*Exercise data*.

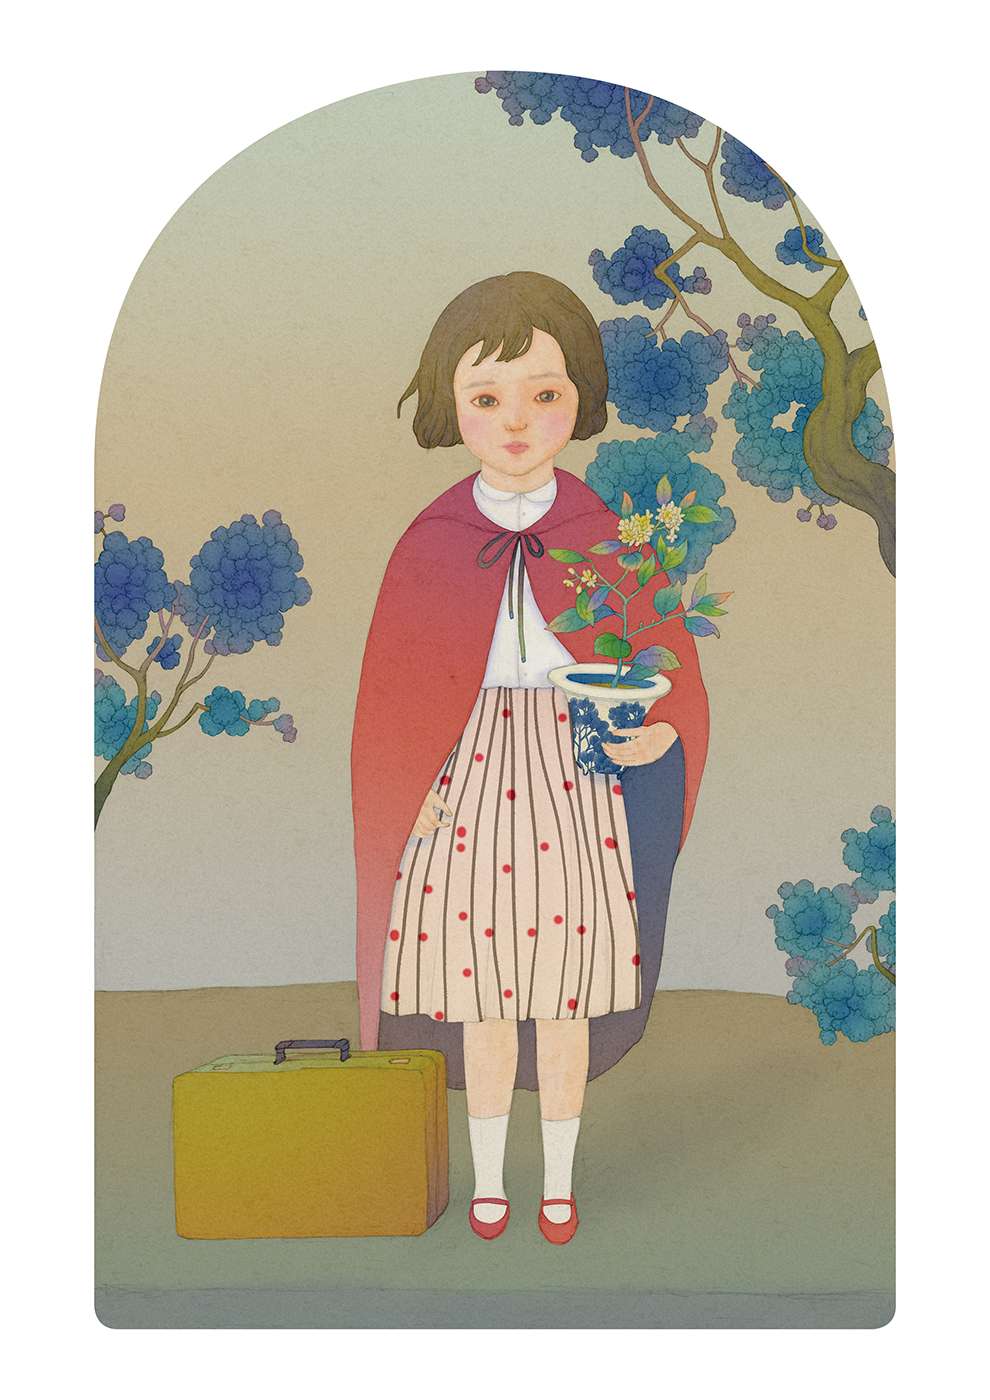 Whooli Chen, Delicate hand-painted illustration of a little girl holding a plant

...

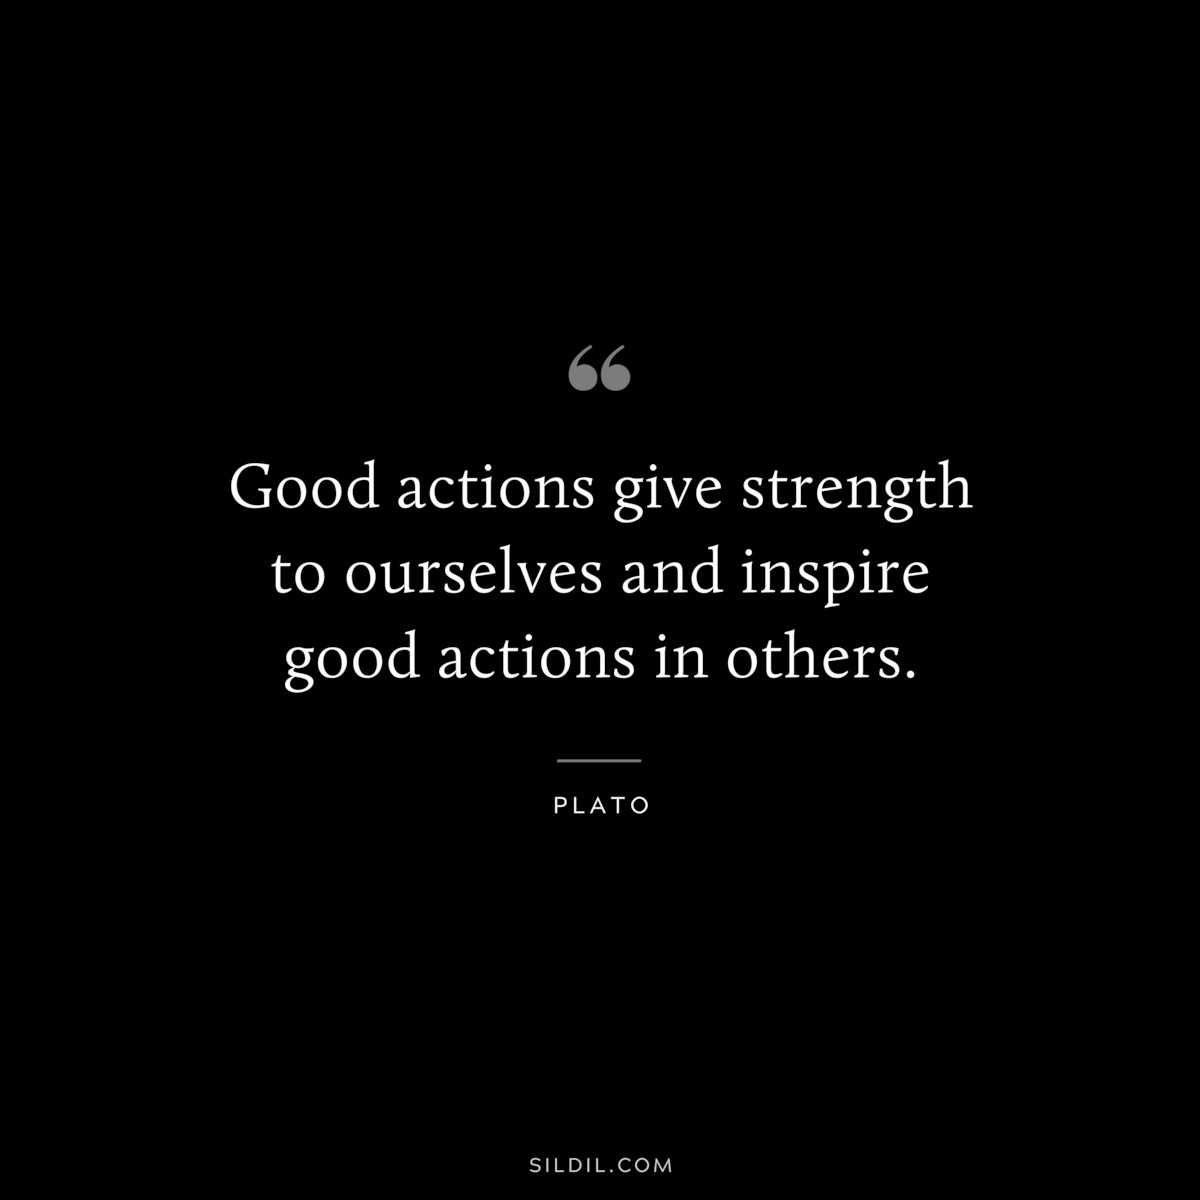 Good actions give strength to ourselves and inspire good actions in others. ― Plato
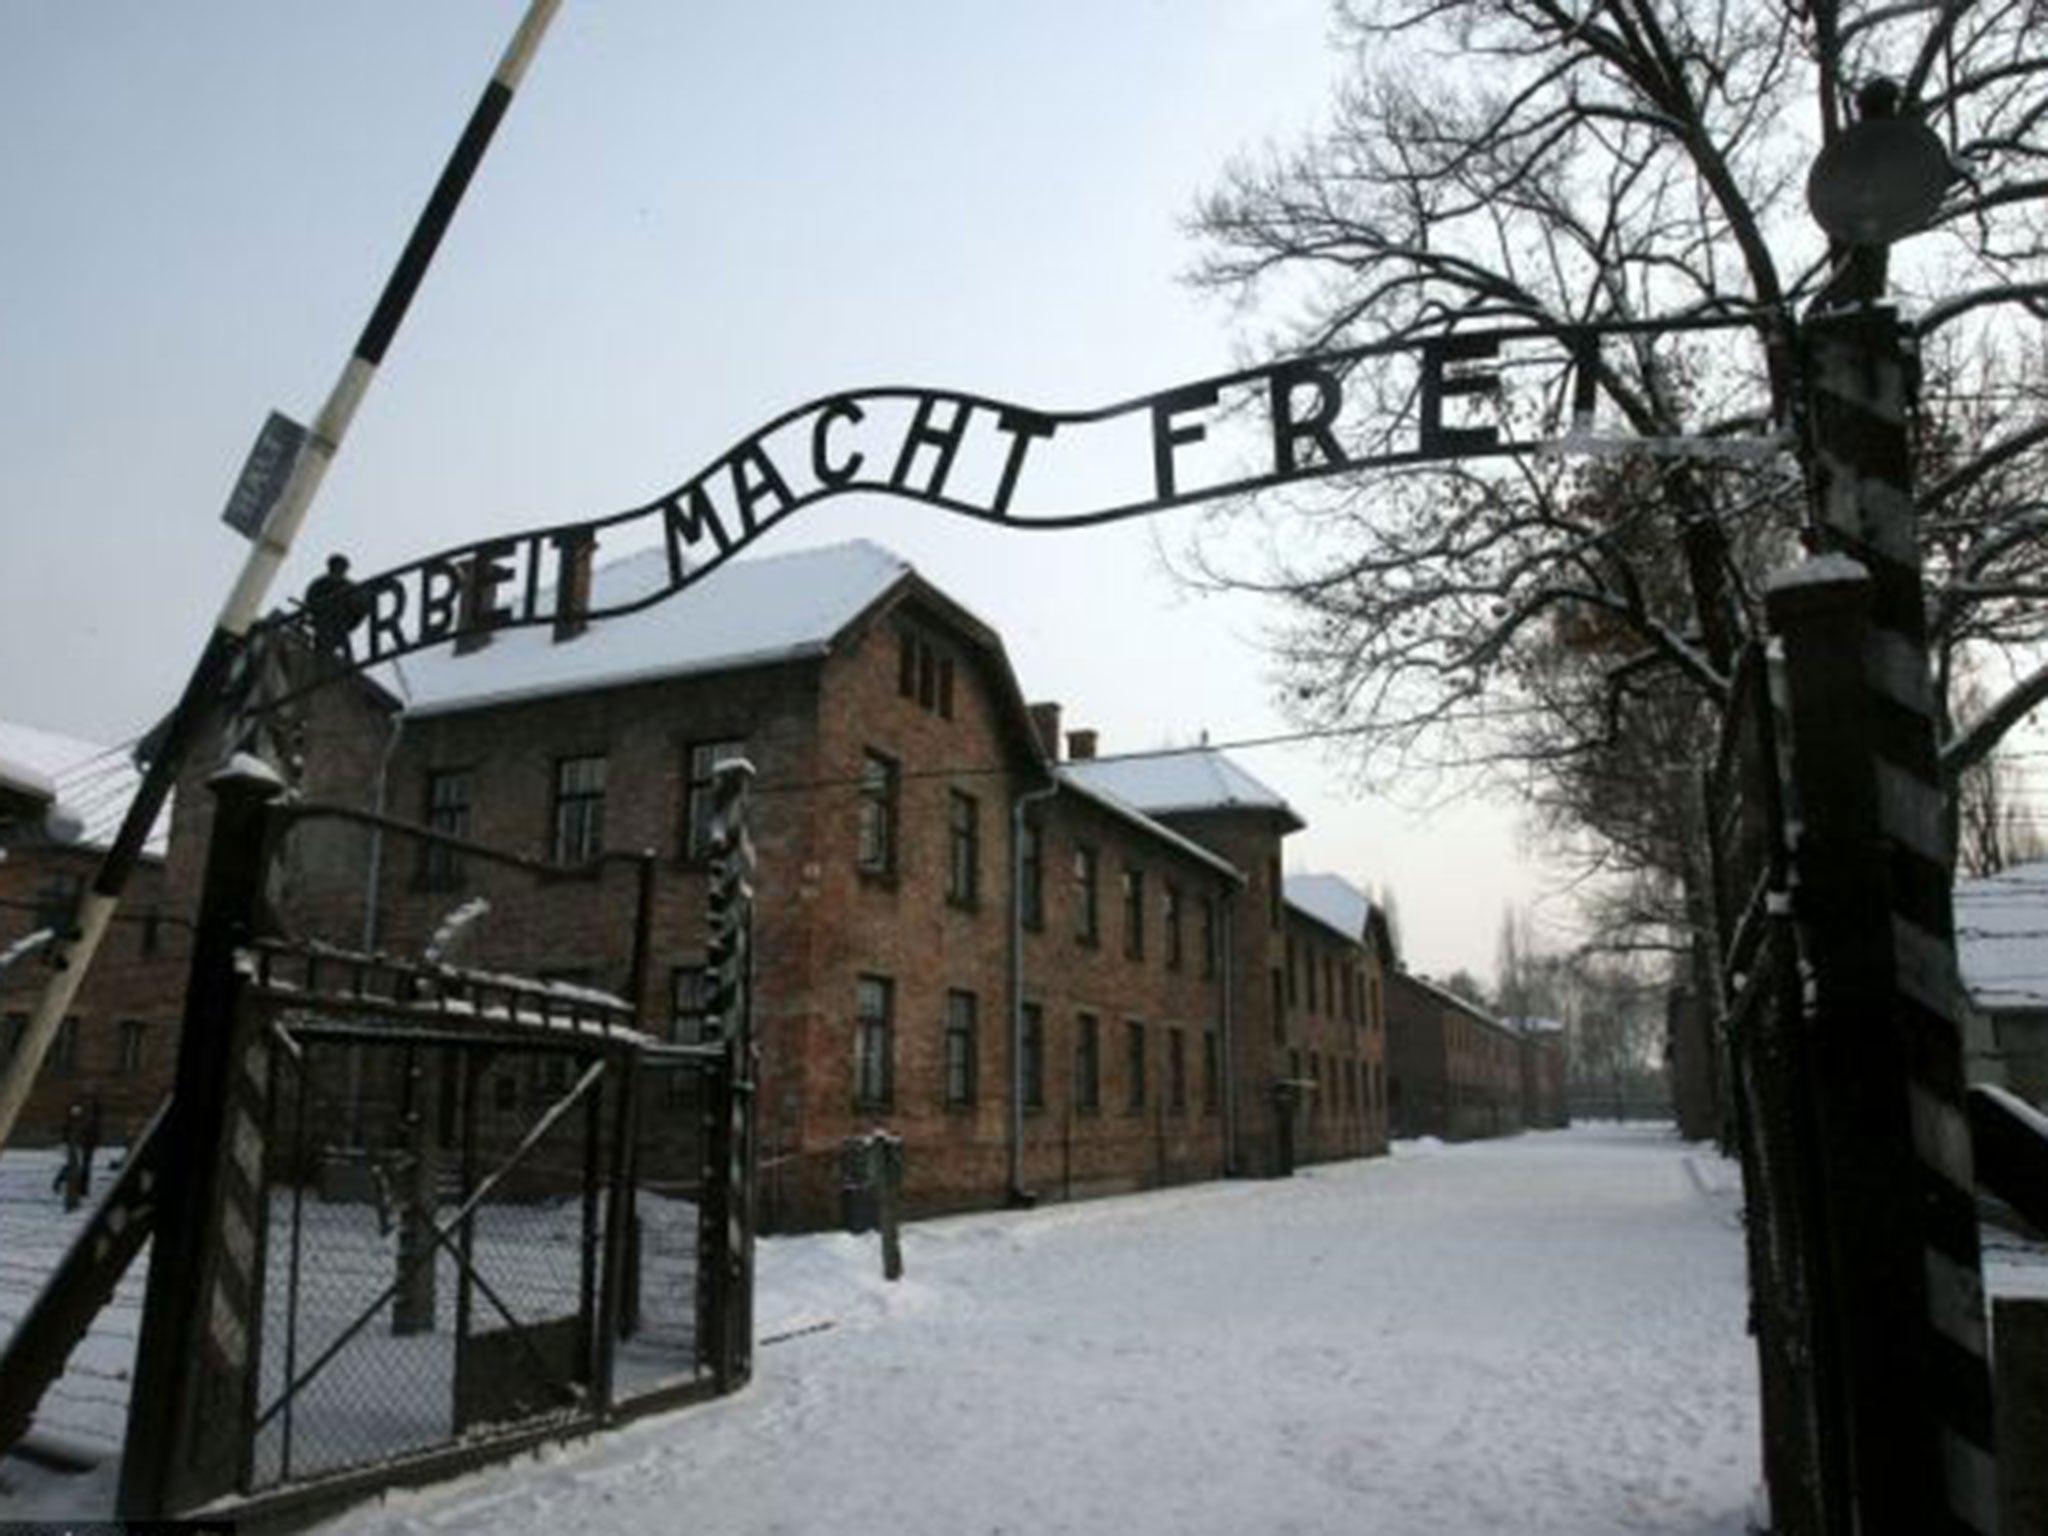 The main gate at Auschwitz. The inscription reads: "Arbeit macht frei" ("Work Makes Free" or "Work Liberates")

==

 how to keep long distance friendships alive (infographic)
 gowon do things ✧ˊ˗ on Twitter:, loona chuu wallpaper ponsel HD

*Brief*. In the entries above, please find the line with "how to keep" and the line with "gowon do things", then write out exactly those two lines and every line between them, and nothing more.

*Solution for this exercise*.
 how to keep long distance friendships alive (infographic)
 gowon do things ✧ˊ˗ on Twitter:, loona chuu wallpaper ponsel HD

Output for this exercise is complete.